» **AIM OF THE EXERCISE**:
Using the entries that follow, transcribe only the lines from the line with "Der Vektor-Gradient glänzt" to the line with "DUBAI, UAE - DECEMBER", both included, exactly as they stand and without pictures.

» **PROVIDED DATA**:
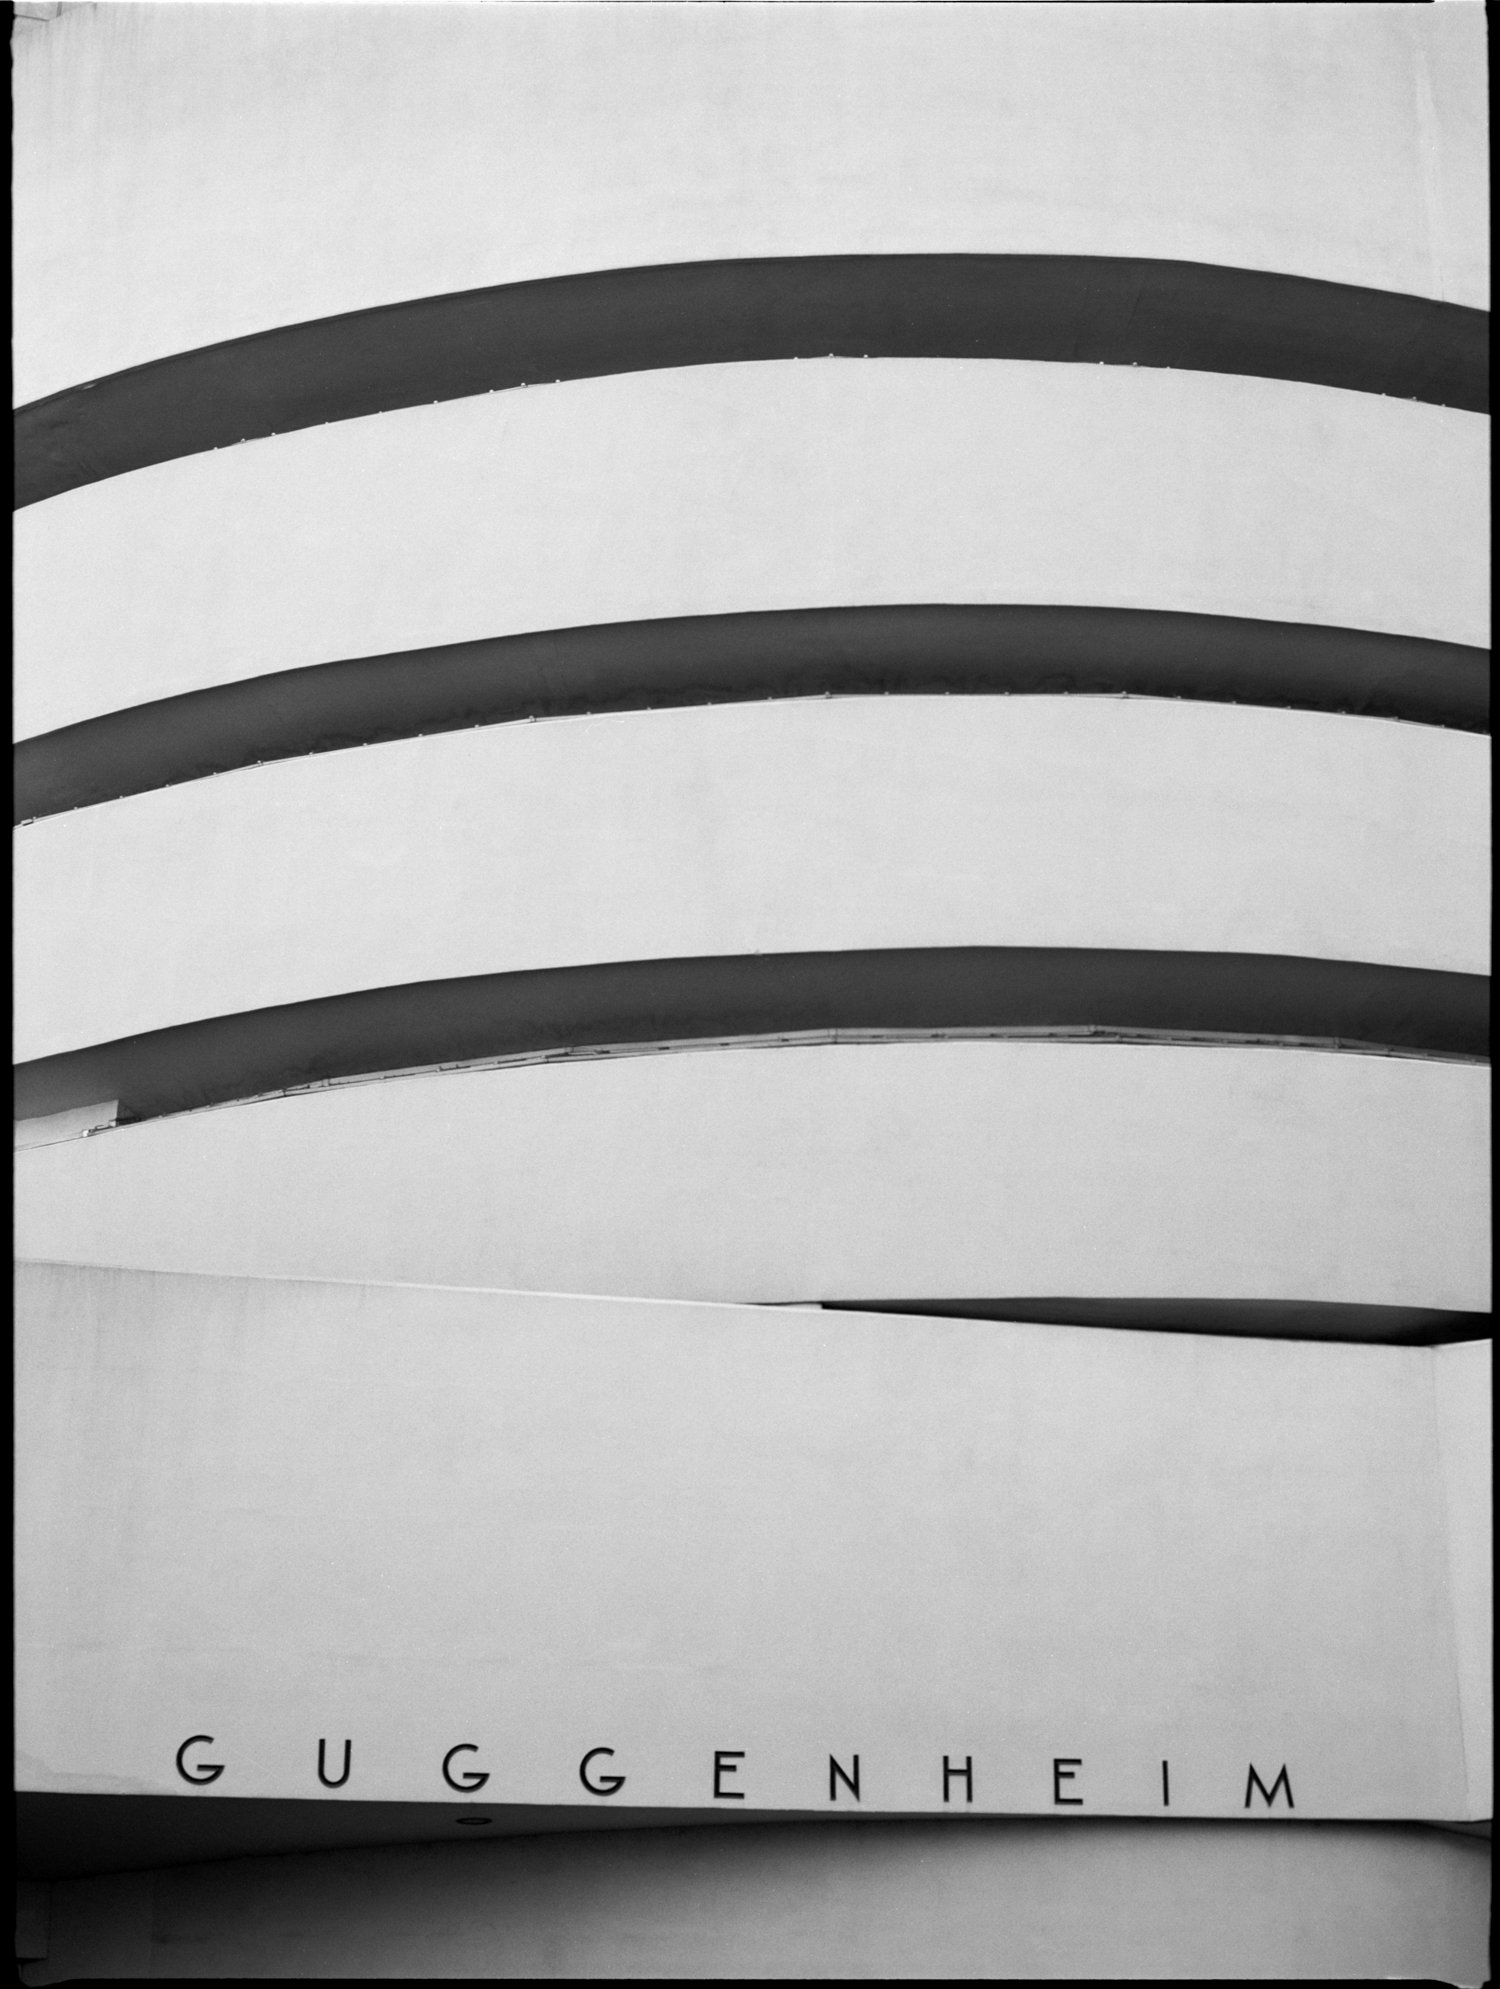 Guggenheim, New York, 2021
==
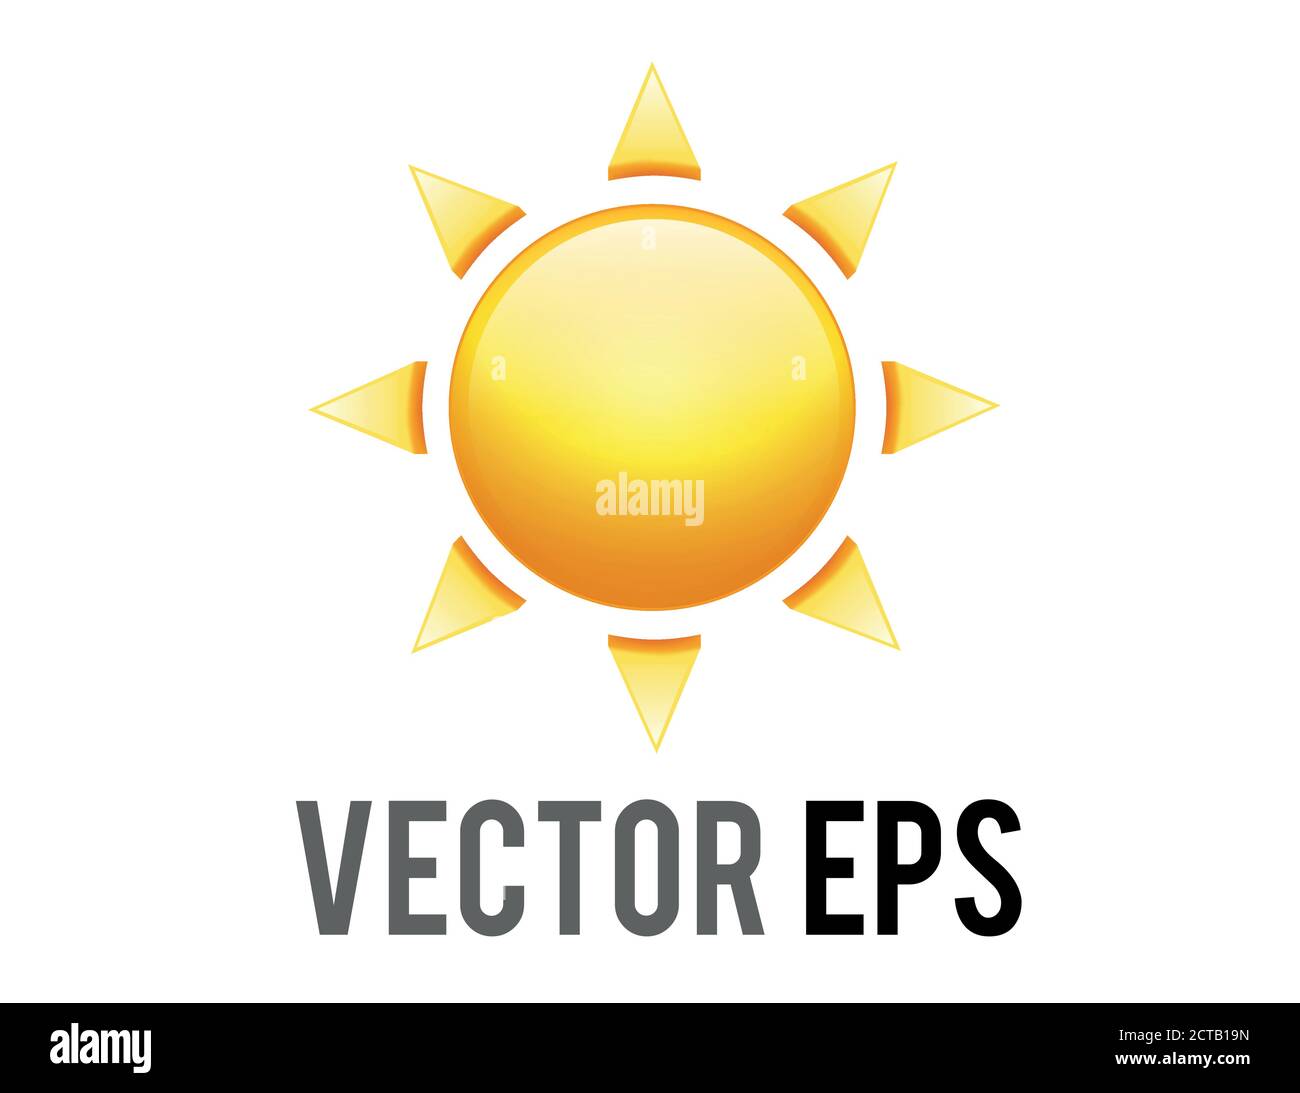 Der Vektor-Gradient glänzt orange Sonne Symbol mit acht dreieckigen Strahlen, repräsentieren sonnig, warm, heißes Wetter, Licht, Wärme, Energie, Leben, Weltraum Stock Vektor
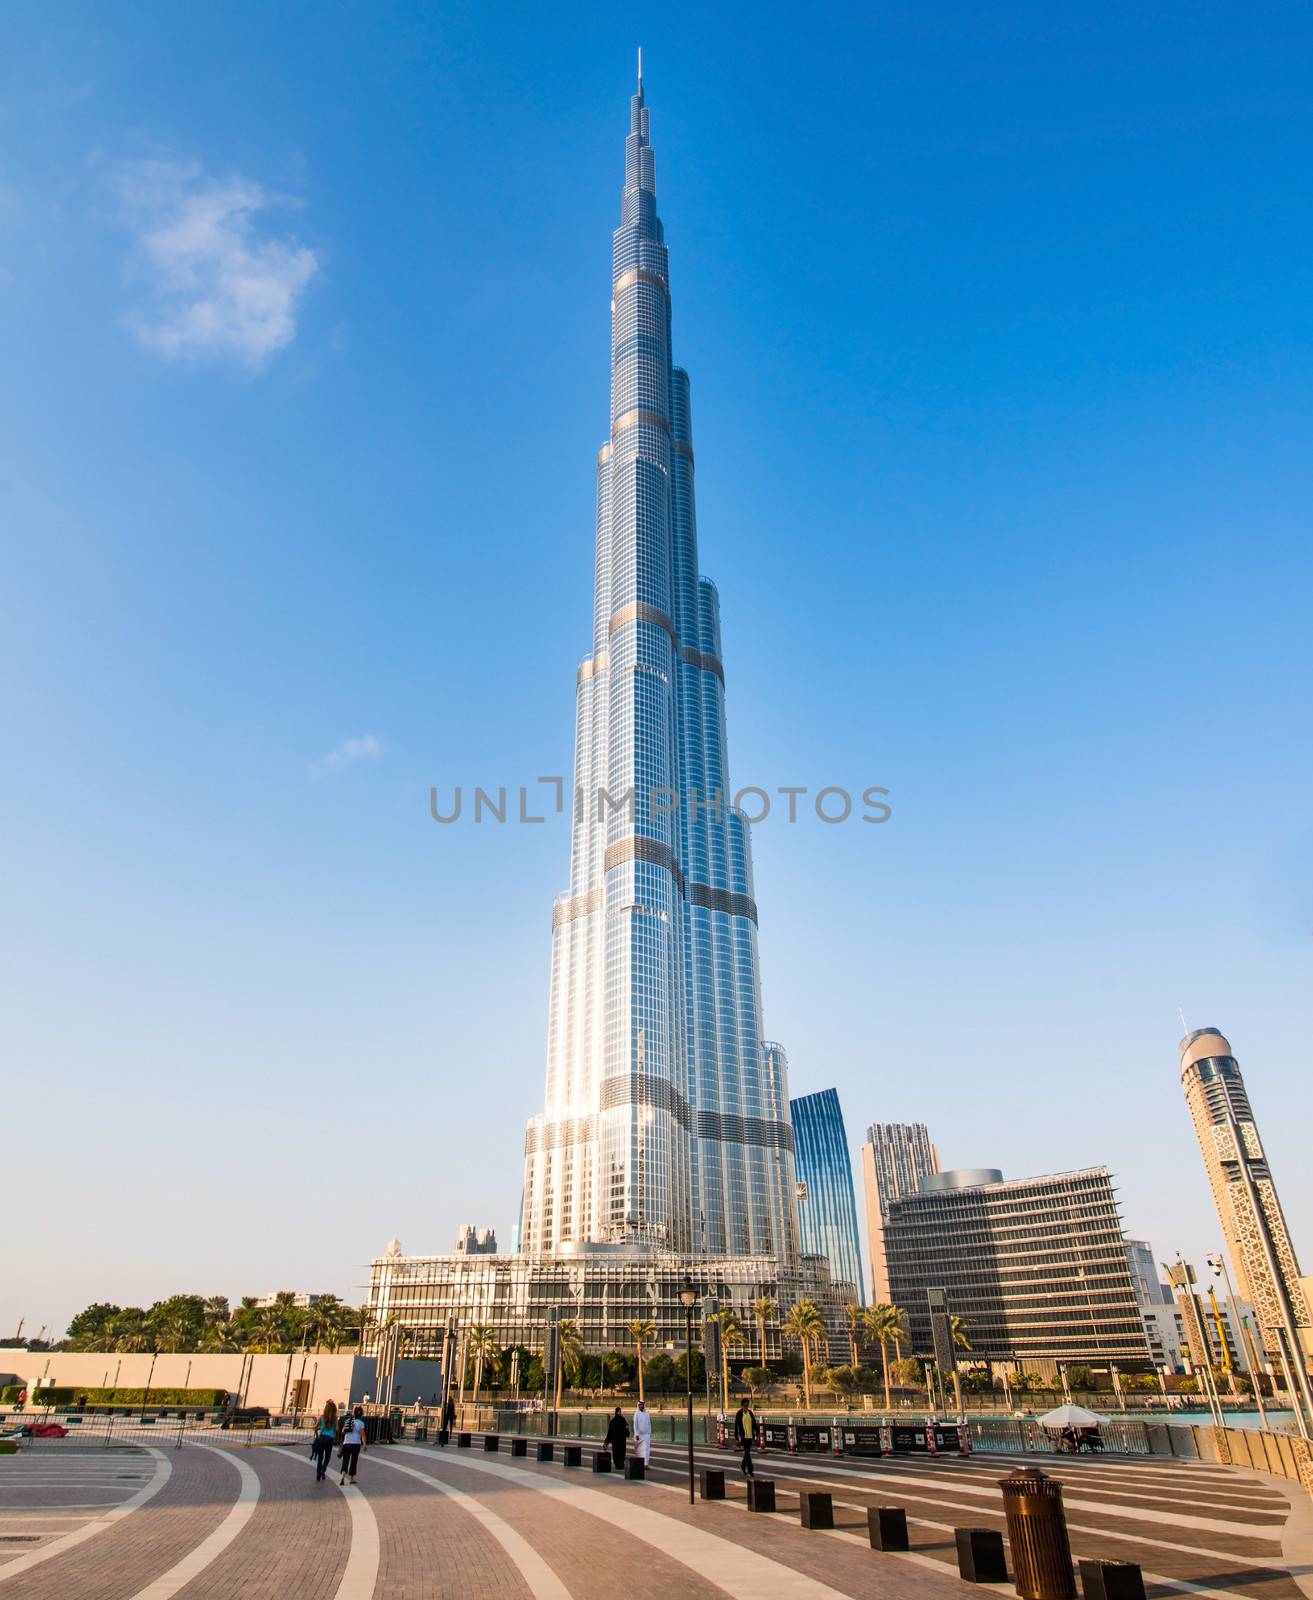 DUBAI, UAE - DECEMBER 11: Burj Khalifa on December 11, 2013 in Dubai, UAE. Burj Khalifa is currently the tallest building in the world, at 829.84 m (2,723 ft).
---
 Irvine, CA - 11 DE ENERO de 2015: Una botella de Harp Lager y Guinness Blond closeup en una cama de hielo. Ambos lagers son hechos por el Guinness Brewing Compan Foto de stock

» **YOUR SOLUTION**:
 Der Vektor-Gradient glänzt orange Sonne Symbol mit acht dreieckigen Strahlen, repräsentieren sonnig, warm, heißes Wetter, Licht, Wärme, Energie, Leben, Weltraum Stock Vektor
 DUBAI, UAE - DECEMBER 11: Burj Khalifa on December 11, 2013 in Dubai, UAE. Burj Khalifa is currently the tallest building in the world, at 829.84 m (2,723 ft).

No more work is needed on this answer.